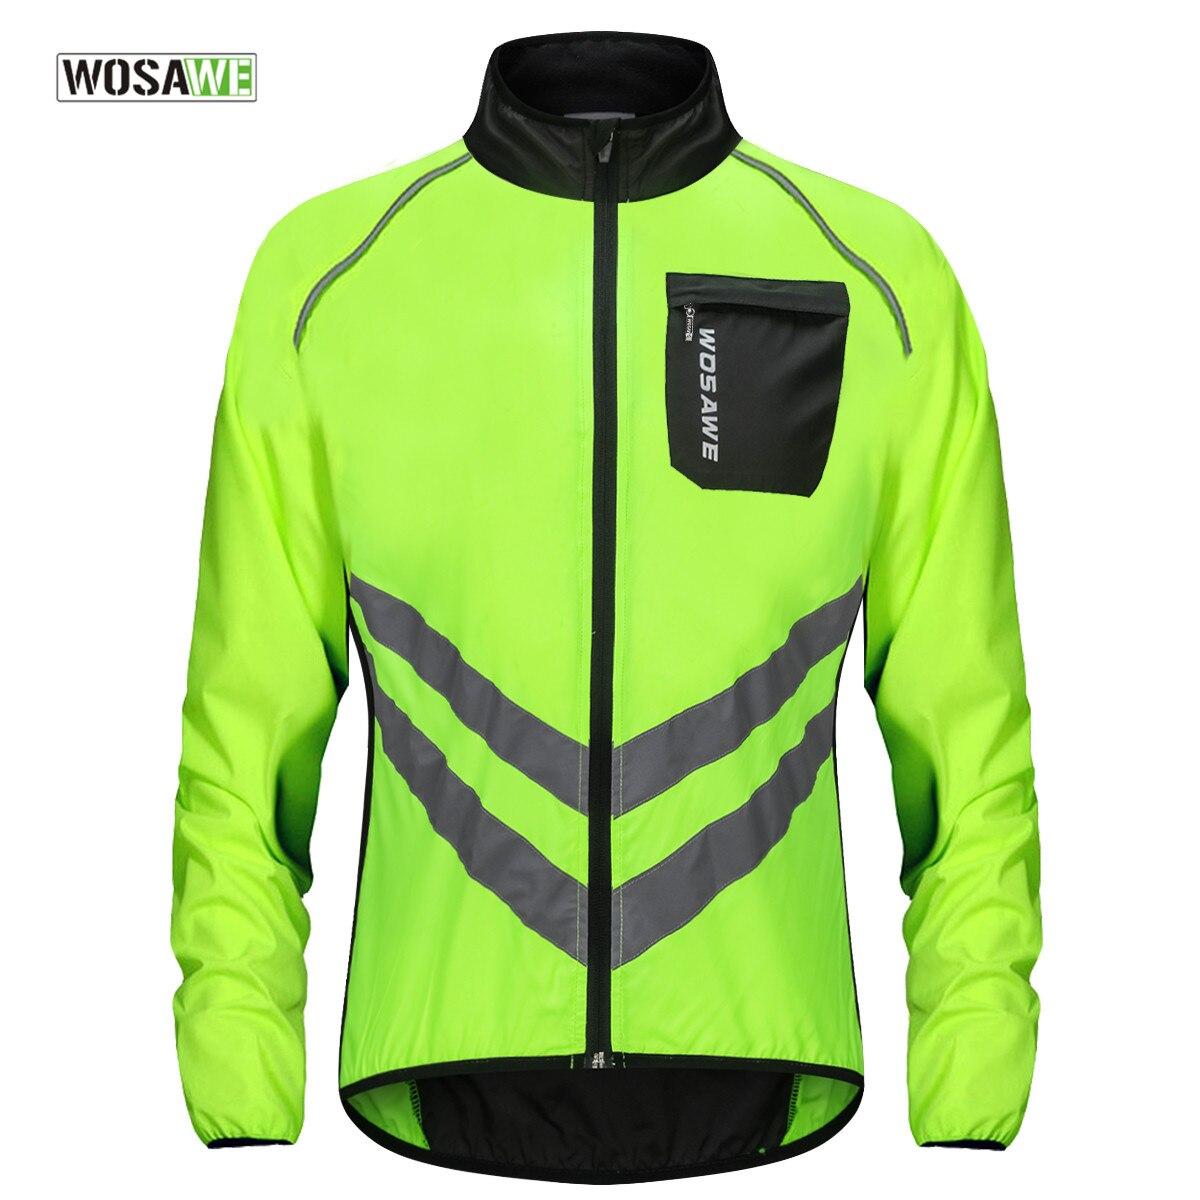 WOSAWE Radfahren Wind Jacke Hohe Sichtbarkeit Multifunktions Jersey Straße MTB Bike Fahrrad Winddicht Quick Trockenen Regen Mantel Windbreaker
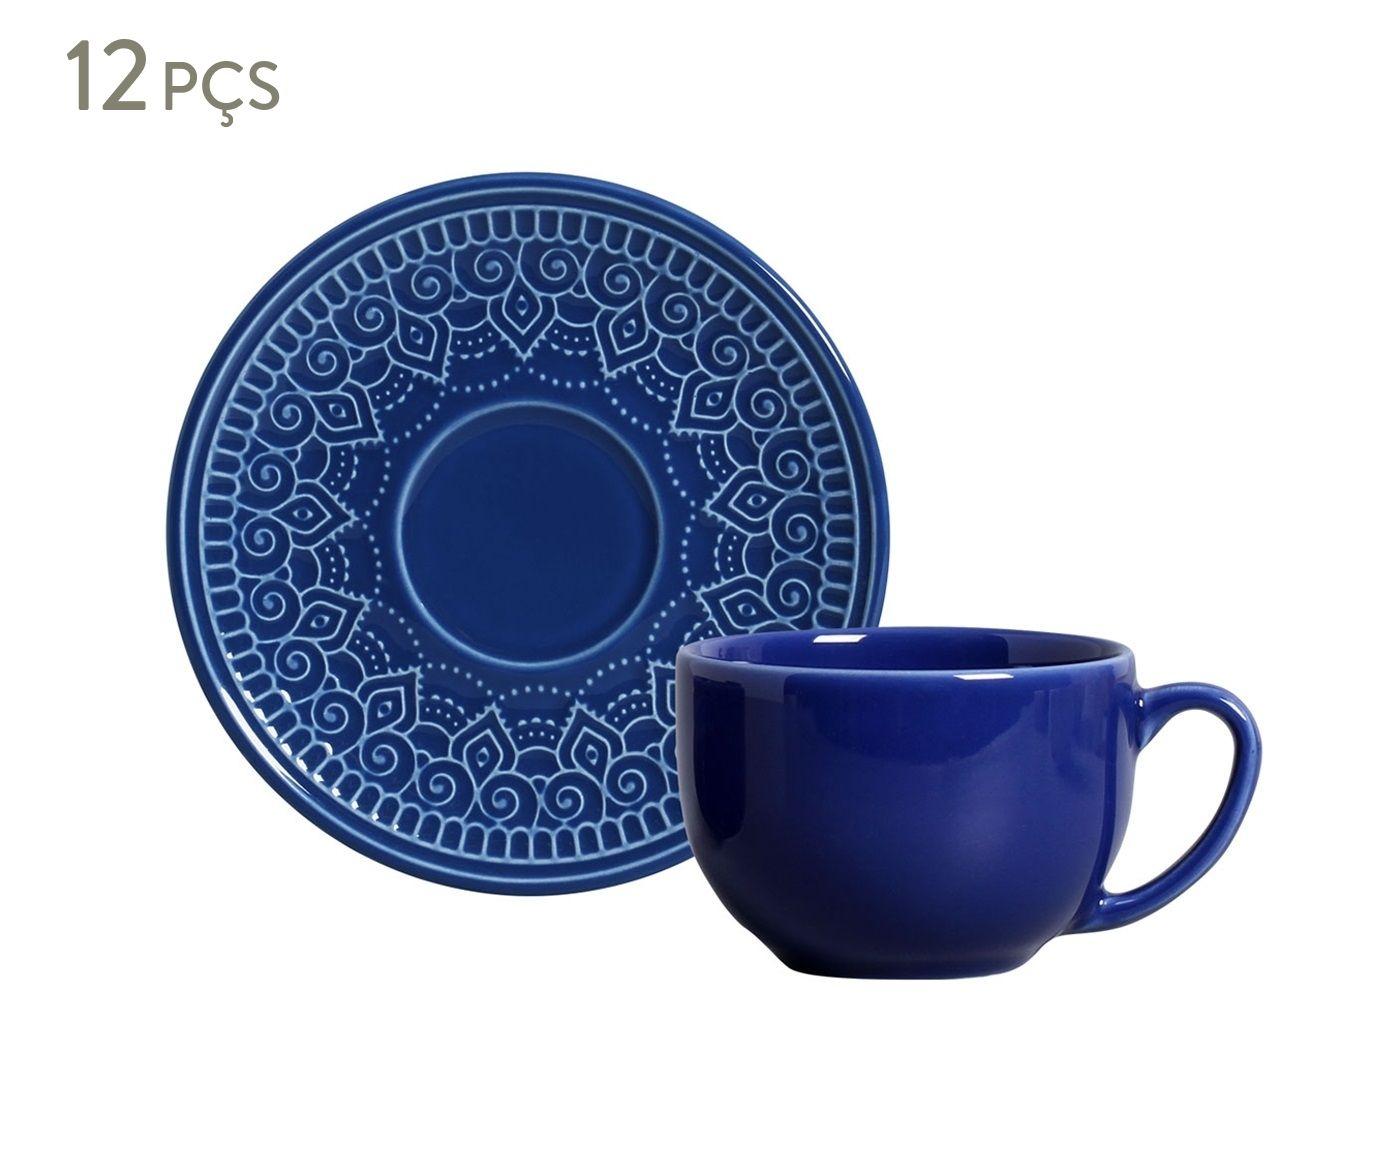 Jogo de Xícaras para Chá com Pires Agra Azul Navy - 260ml | Westwing.com.br
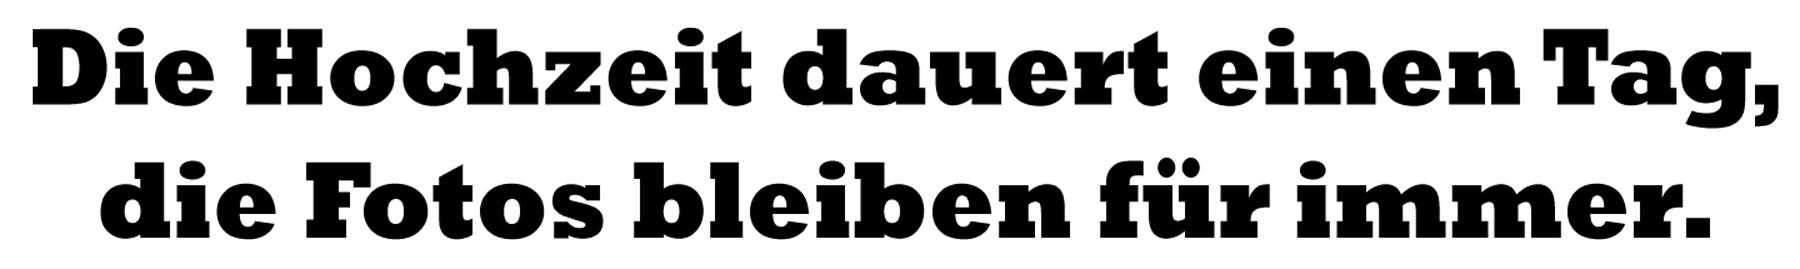 Hochzeit-website-spruch-title2
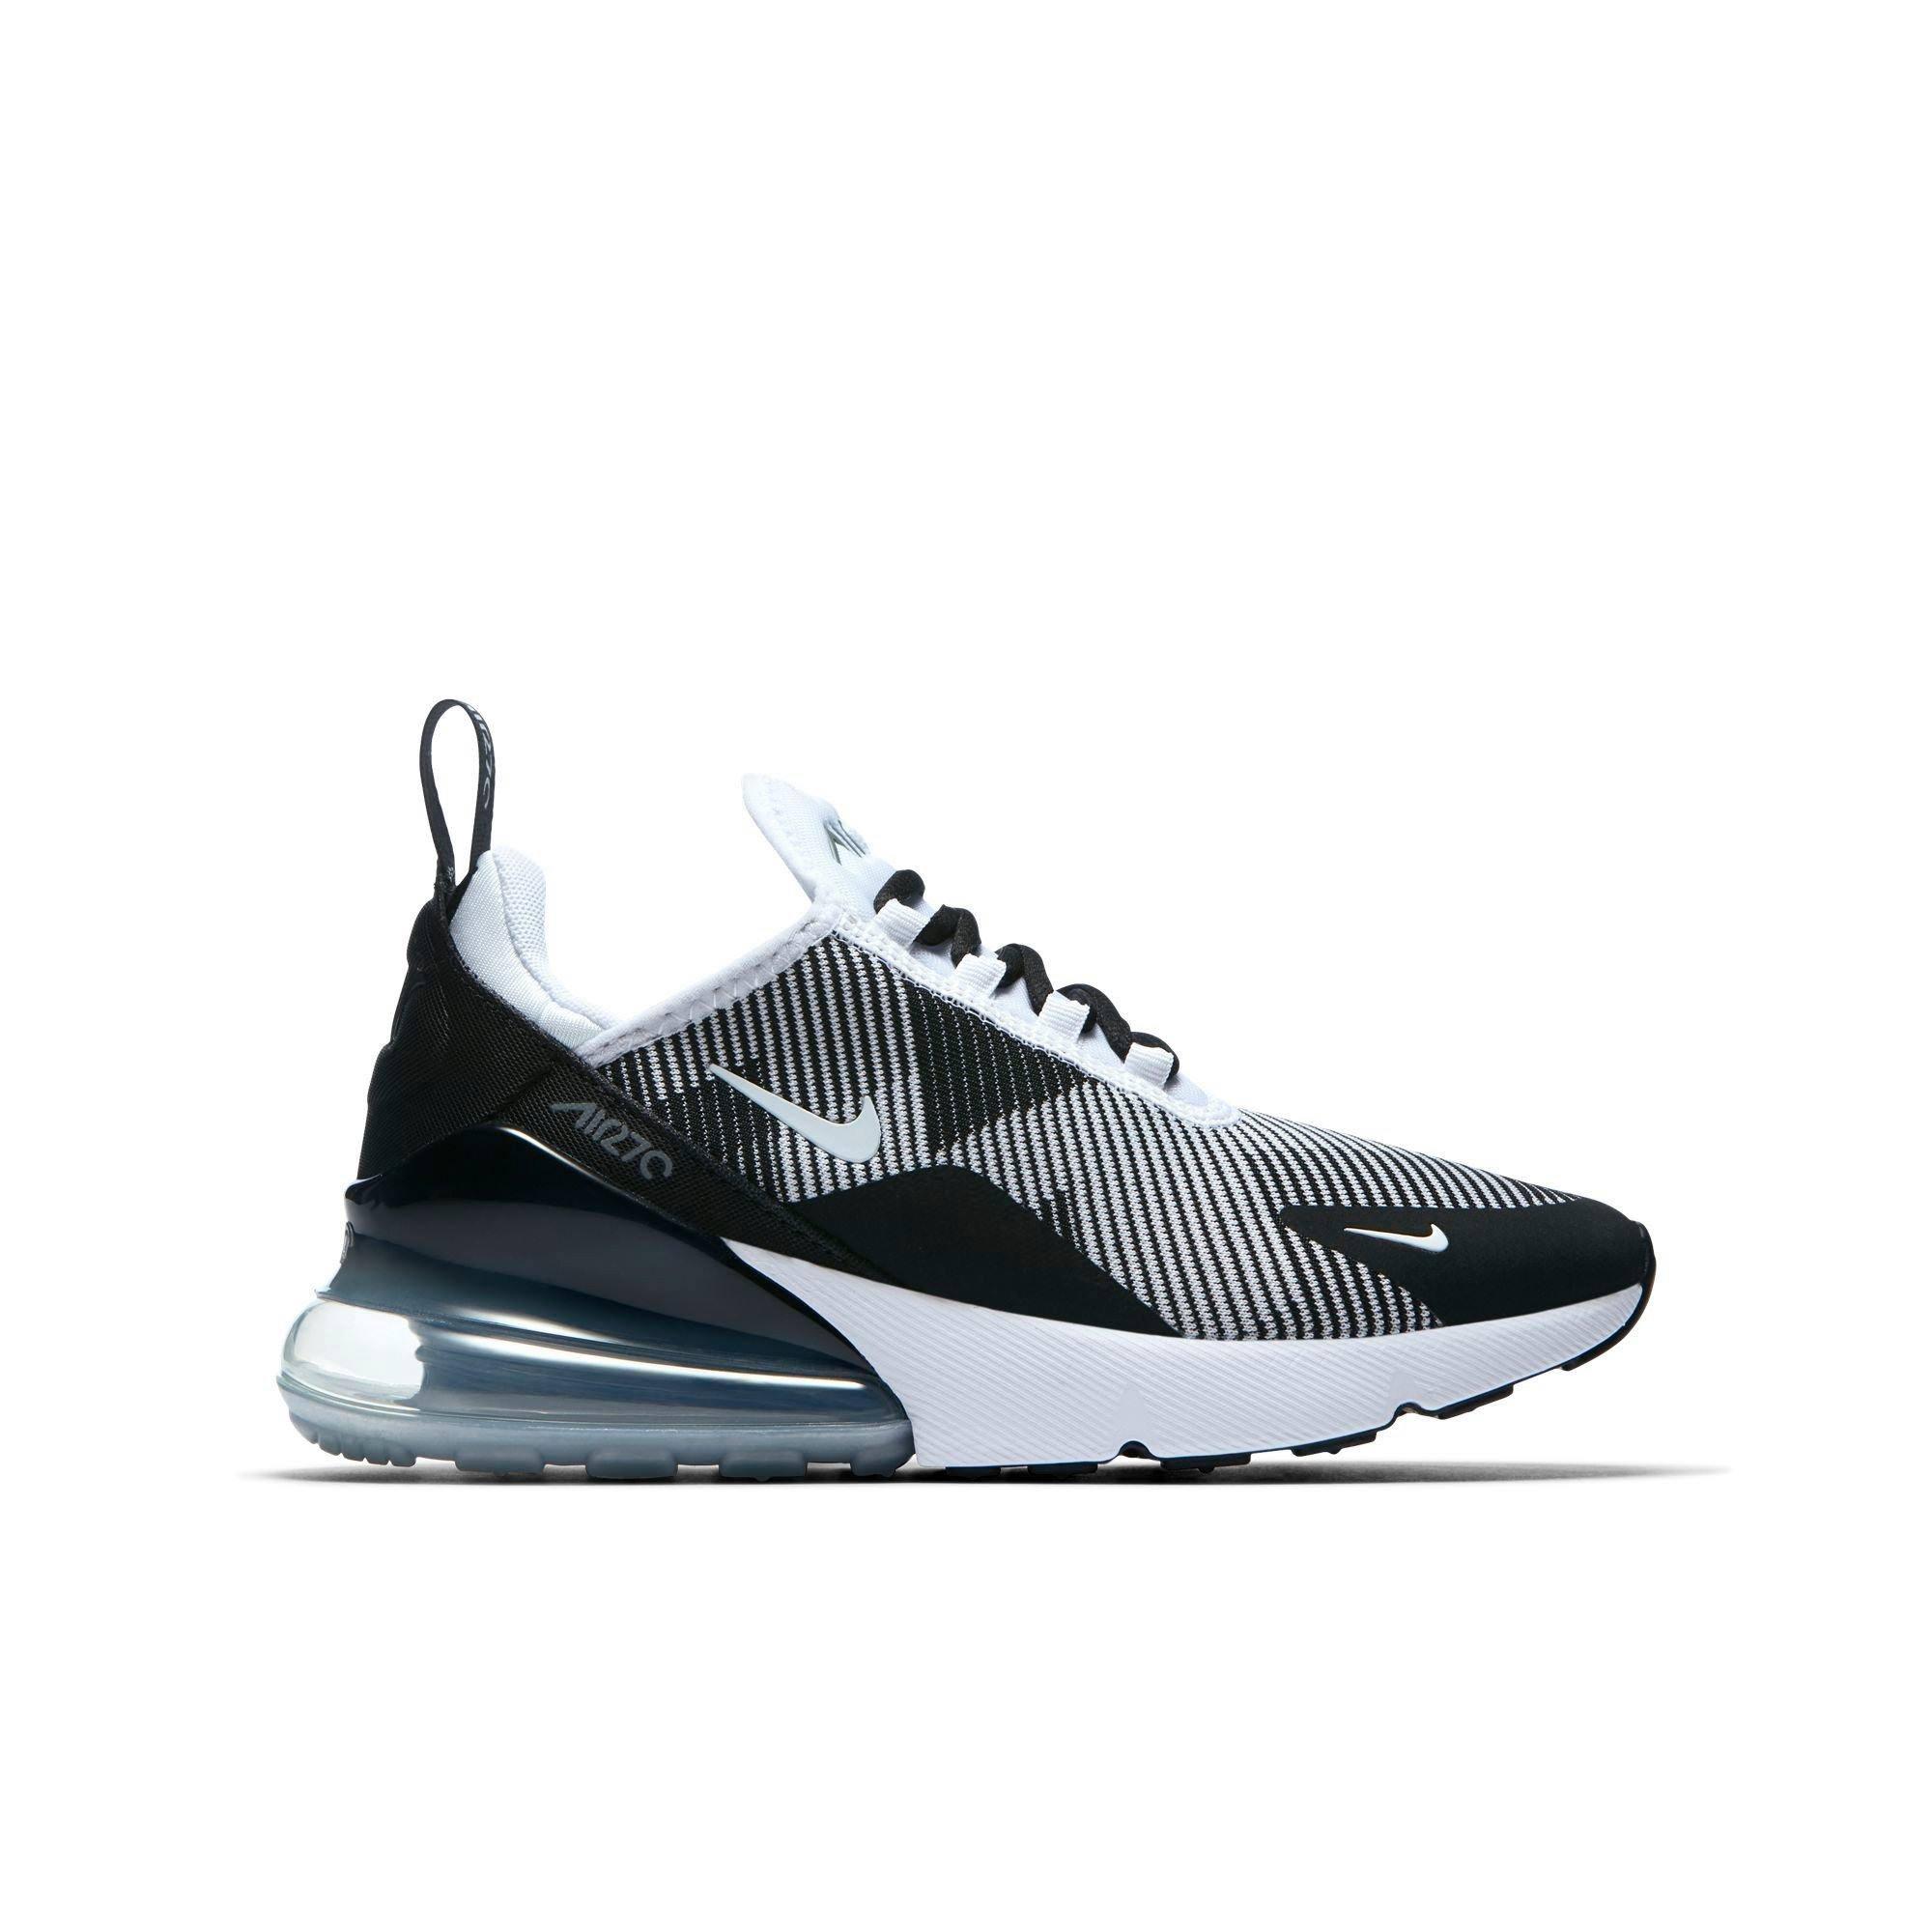 cool 5 Grey Air Max Jungen Größe 3 Ar0301007 Nike Weiß Schwarz 270 Schulschuhe B1F6w6qx

::::::

From the line containing "Hochzeit-website-spruch-title2" through the last line of the data above, write out every line word for word, and nothing else. Do not include the pictures.

## Exercise answer
 Hochzeit-website-spruch-title2
 cool 5 Grey Air Max Jungen Größe 3 Ar0301007 Nike Weiß Schwarz 270 Schulschuhe B1F6w6qx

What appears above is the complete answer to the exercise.